Robustness to Variability in Speech: Thanks to its extensive training on diverse datasets, Wav2Vec2 is robust against various challenges in speech recognition such as background noise, different accents, and speech impediments.
Adaptability to Multiple Languages: Although primarily designed for English, Wav2Vec2's training approach makes it adaptable to other languages. This adaptability is crucial for developing multilingual ASR systems.
Efficiency in Learning: The model's ability to learn from unlabeled data reduces the dependence on costly and time-consuming labeled datasets, making the process of developing and refining ASR systems more efficient.
Fine-Tuning Capabilities: Wav2Vec2 can be fine-tuned with a smaller amount of labeled data for specific tasks or domains. This fine-tuning enhances its accuracy and efficiency for specialized applications.
State-of-the-Art Performance: Wav2Vec2 has demonstrated state-of-the-art performance in various ASR benchmarks, outperforming many existing models in accuracy and speed.
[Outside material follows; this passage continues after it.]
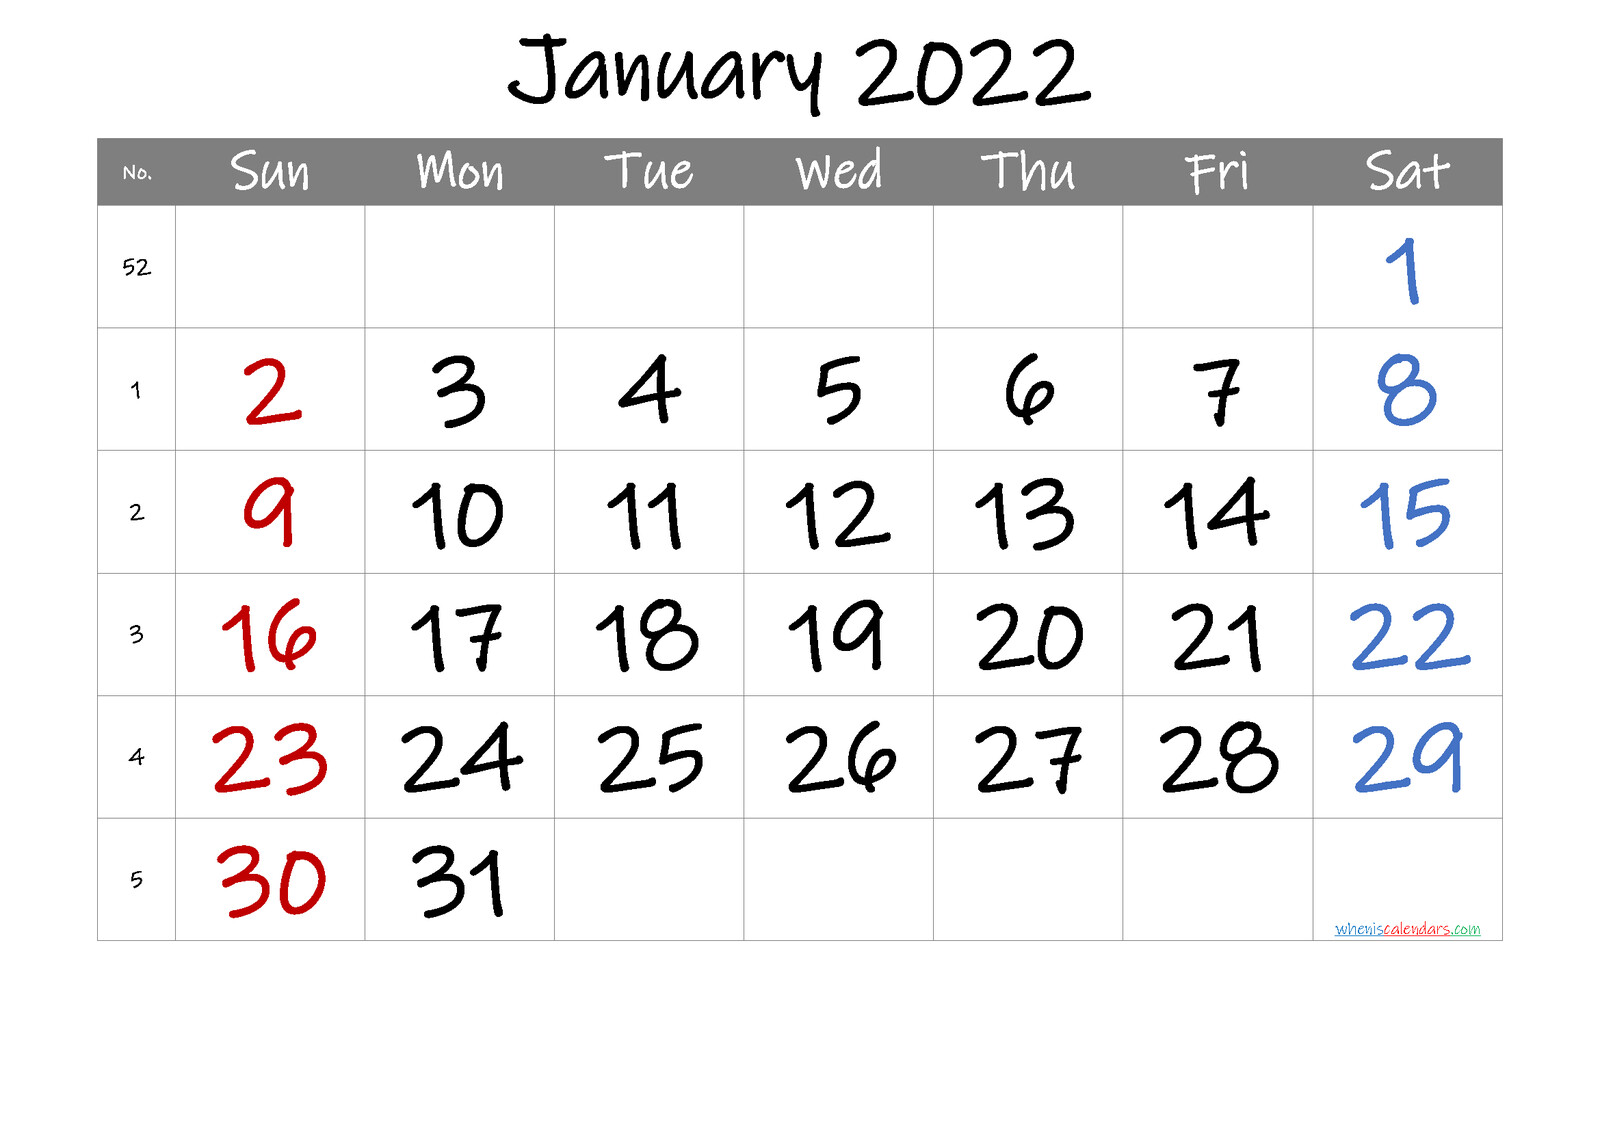 mateo pedersen blank january 2022 calendar printable

These features make Wav2Vec2 a highly advanced and effective tool for ASR, suitable for a wide range of applications from voice-activated systems to automated transcription services, and contributing to advancements in the field of speech technology.

Conclusion

In conclusion, the Wav2Vec2 model represents a significant leap forward in the field of Automatic Speech Recognition (ASR). Its innovative features not only showcase the advancements in neural network design and training methodologies but also mark a substantial improvement in how machines process and understand human speech.

The use of a contrastive pretraining objective, inspired by techniques in natural language processing, has been a game-changer. By learning from a vast corpus of over 50,000 hours of unlabeled speech, Wav2Vec2 has achieved a remarkable level of understanding of various speech patterns, accents, and nuances. This extensive exposure to diverse speech data has equipped the model with an unprecedented ability to recognize and interpret spoken language in a contextually rich manner.
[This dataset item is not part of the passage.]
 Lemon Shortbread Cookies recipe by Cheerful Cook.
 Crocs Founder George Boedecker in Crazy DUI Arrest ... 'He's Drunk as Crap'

The implementation of a transformer-based architecture in Wav2Vec2 further underscores its sophistication. Transformers, known for their efficiency in handling sequential data, have enabled the model to process speech with a high degree of accuracy and speed. The ability of Wav2Vec2 to learn contextualized speech representations through its masked feature learning approach mirrors human speech processing more closely than ever before.

Moreover, Wav2Vec2's robustness to variability in speech, including different accents, background noises, and speaking styles, sets a new standard for ASR systems. This robustness, combined with the model's adaptability to multiple languages, opens up possibilities for creating more inclusive and versatile speech recognition applications worldwide.
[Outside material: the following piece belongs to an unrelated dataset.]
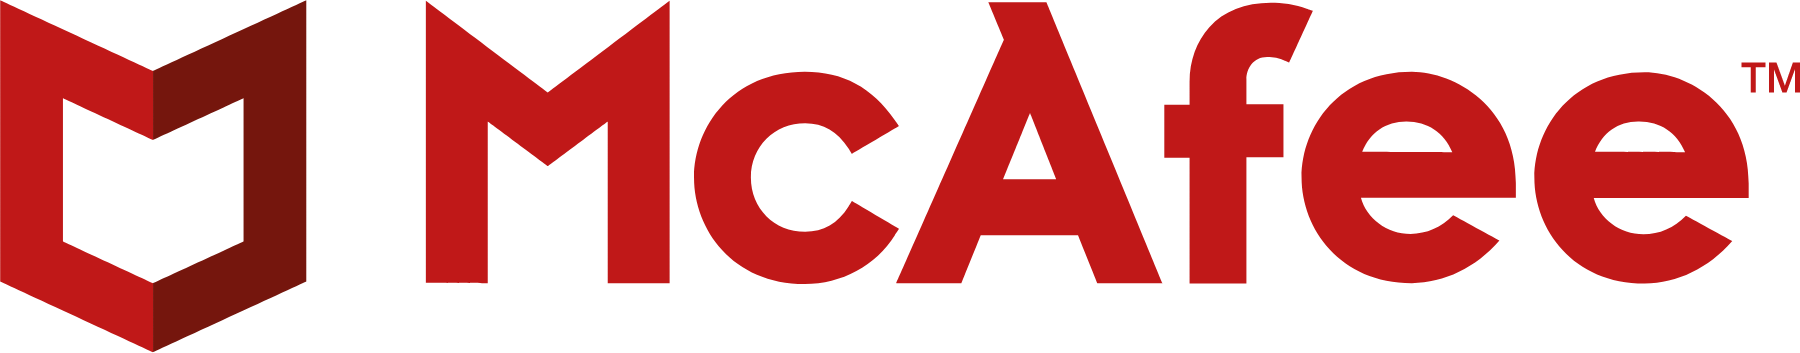 McAfee logo large (transparent PNG)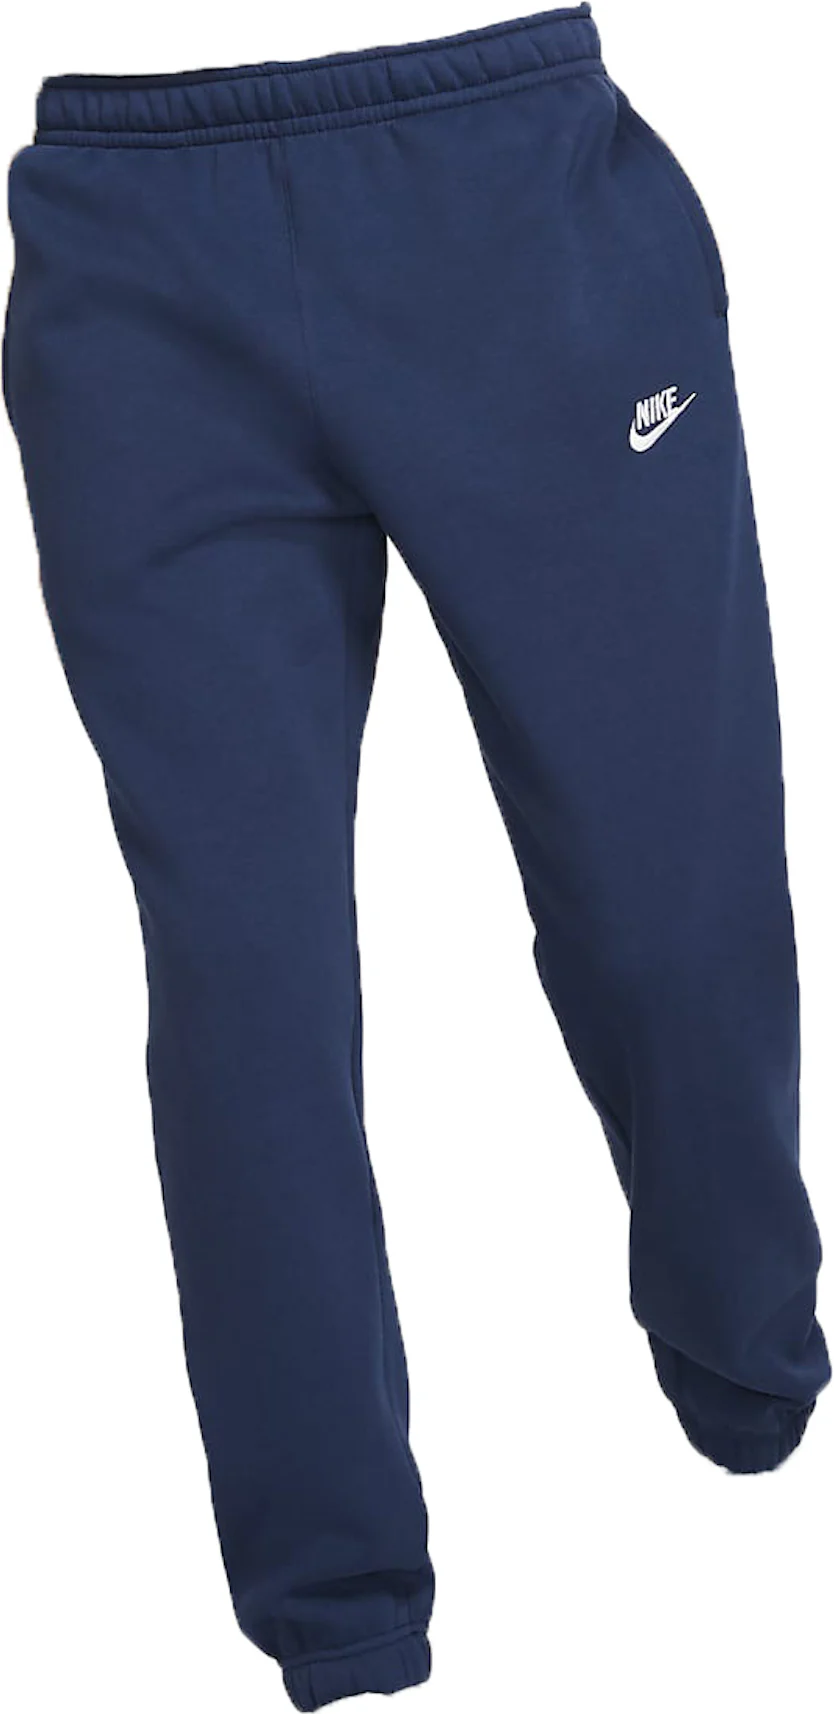 Nike Womens Club Fleece Jogger Sweatpants (Dark Grey/White, Medium)

The efficiency of Wav2Vec2 in learning from unlabeled data also represents a significant stride in making speech recognition technology more accessible and less reliant on resource-intensive labeled datasets. Furthermore, the model's fine-tuning capabilities ensure that it can be adapted for specific tasks and domains, enhancing its practicality and applicability in various specialized fields.

Wav2Vec2's state-of-the-art performance in various ASR benchmarks is a testament to its effectiveness and the potential it holds for the future of speech technology. From developing more responsive voice-activated assistants to creating more accurate and efficient automated transcription services, the implications of Wav2Vec2's capabilities are far-reaching.

In summary, Wav2Vec2 is not just a technological achievement in the realm of ASR; it is a beacon that guides the future direction of speech recognition technology. Its development marks a significant milestone in our journey towards creating machines that can understand and interact with human speech as naturally and effectively as we do.